SURV699: Modern Workflows in Data Science

Data Curation/Storage

Working with large datasets, presenting insights and collaborating with others are essential skills for data and survey scientists. In this course you will learn some keys skills needed in this research environment.

We will start the course by discussing different types of data workflows. This will cover typical ways in which organizations produce, manipulate and report on data. Getting an overview of these practices and understand how other organizations work can bring important insights that can make your own work better. In this unit we will also discuss how tools such as GitHub can help collaboration and improve reproducibility.

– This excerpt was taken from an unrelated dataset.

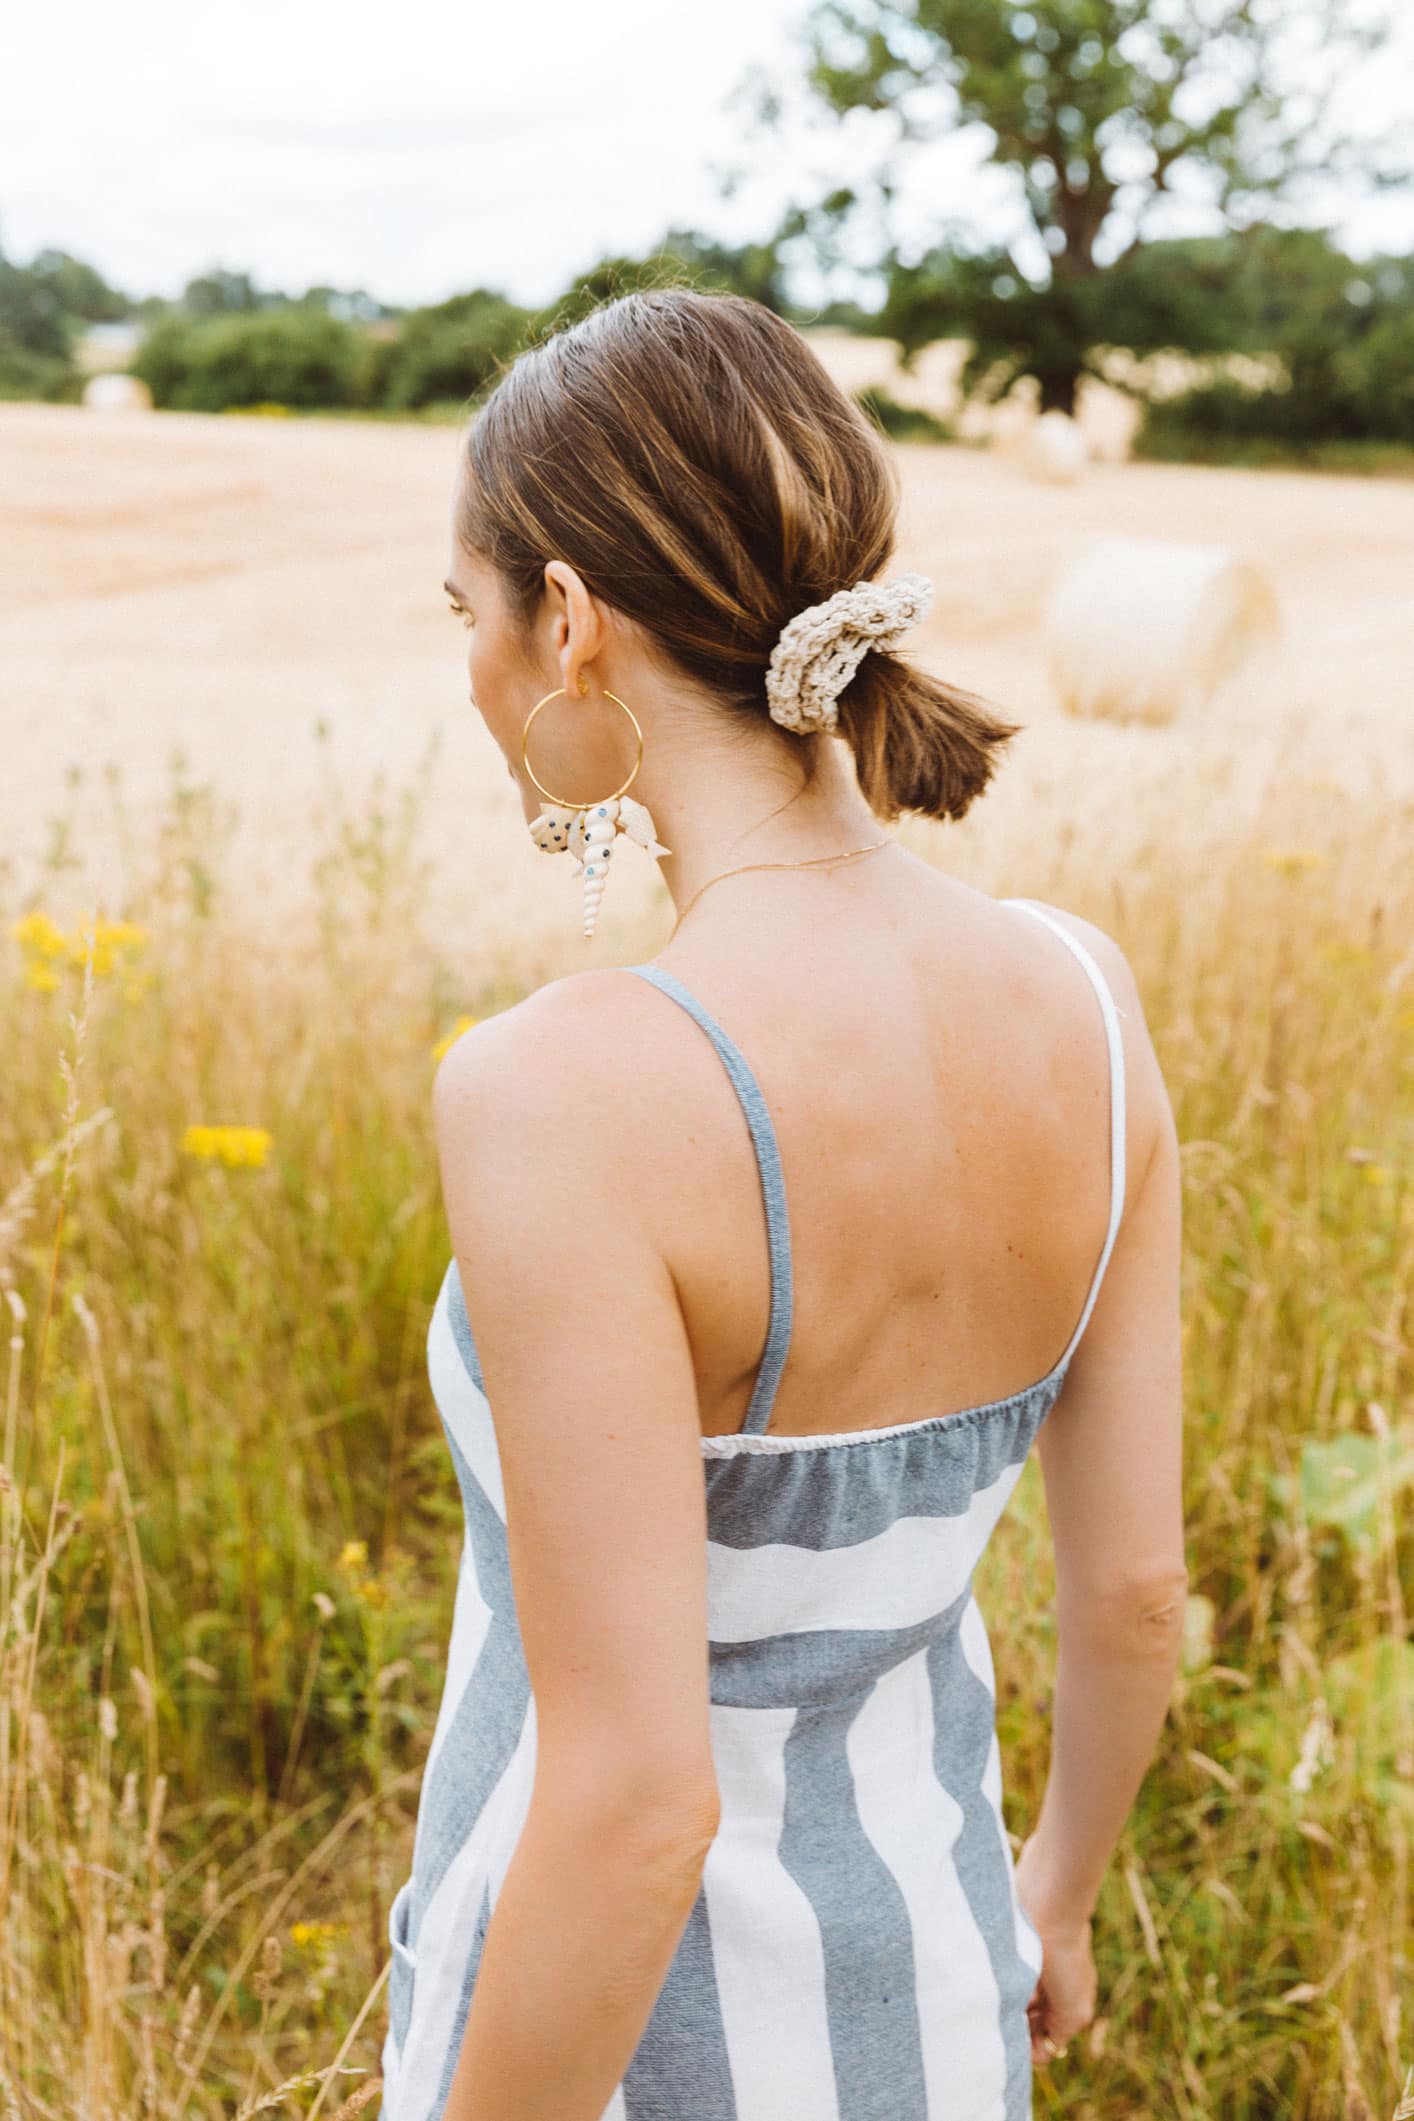 Louise Roe Wearing Summer Trends With Linen Dress Seashell Earrings and Scrunchies

The second topic covered in the course will be reproducible documents. These are essential tools that can be used to create reports, research papers, books and websites. They are vital for reproducible research and collaboration as they can combine text and code while enabling version control. In this way, typical errors due to copy and pasting and imprecise language can be avoided.

The third topic discussed will be about accessing data online. Many organizations store data on servers due to their size and speed of production. Often you will need to be able to interact with servers directly in order to access, clean and analyze data. We will discuss the main technologies for storing data (such as SQL and JSON) and how you can use R to access them.

The final topic of the course will be dashboards. These are important tools used to present large data in a reliable and easy to read fashion. They are especially useful when data is collected at high speeds and decisions need to be made based on such data. It is a very useful tool also for presenting results to clients and a lay audience. Here we will be discussing how R Shiny can be used to create such dashboards.

Each topic will be covered in two weeks. The first week will cover the online course and the reading materials. In the second week students will have to prepare a project based on what they learned in the first week.

Course objectives: 

By the end of the course, students will…

  • Understand the main types of workflows in data and survey sciences
  • Understand the principles of reproducible workflows
  • Know how to use Github to support reproducible flows
  • Understand the basics of reproducible documents
  • Learn how to use Rmarkdown and Jupyter Notebooks
  • Learn about the main types of storage for online data (e.g., SQL, JSON)
  • Learn how to access online data and interact with them using R
  • Learn the principles of building a dashboard
  • Learn how to build a dashboard using R Shiny

Grading will be based on:

  • Four homework assignments (worth 60% total)
  • Participation in discussion during the weekly online meetings and submission of questions (deadline: Monday, 3:00 AM EDT/9:00 AM CEST before class) demonstrating understanding of the required readings and video lectures (10% of grade)
  •  A final project (30% of grade)

SURV665 Real World Data Management with R or a good knowledge of R base and tidyverse.

Course Dates


Summer Term (June – August)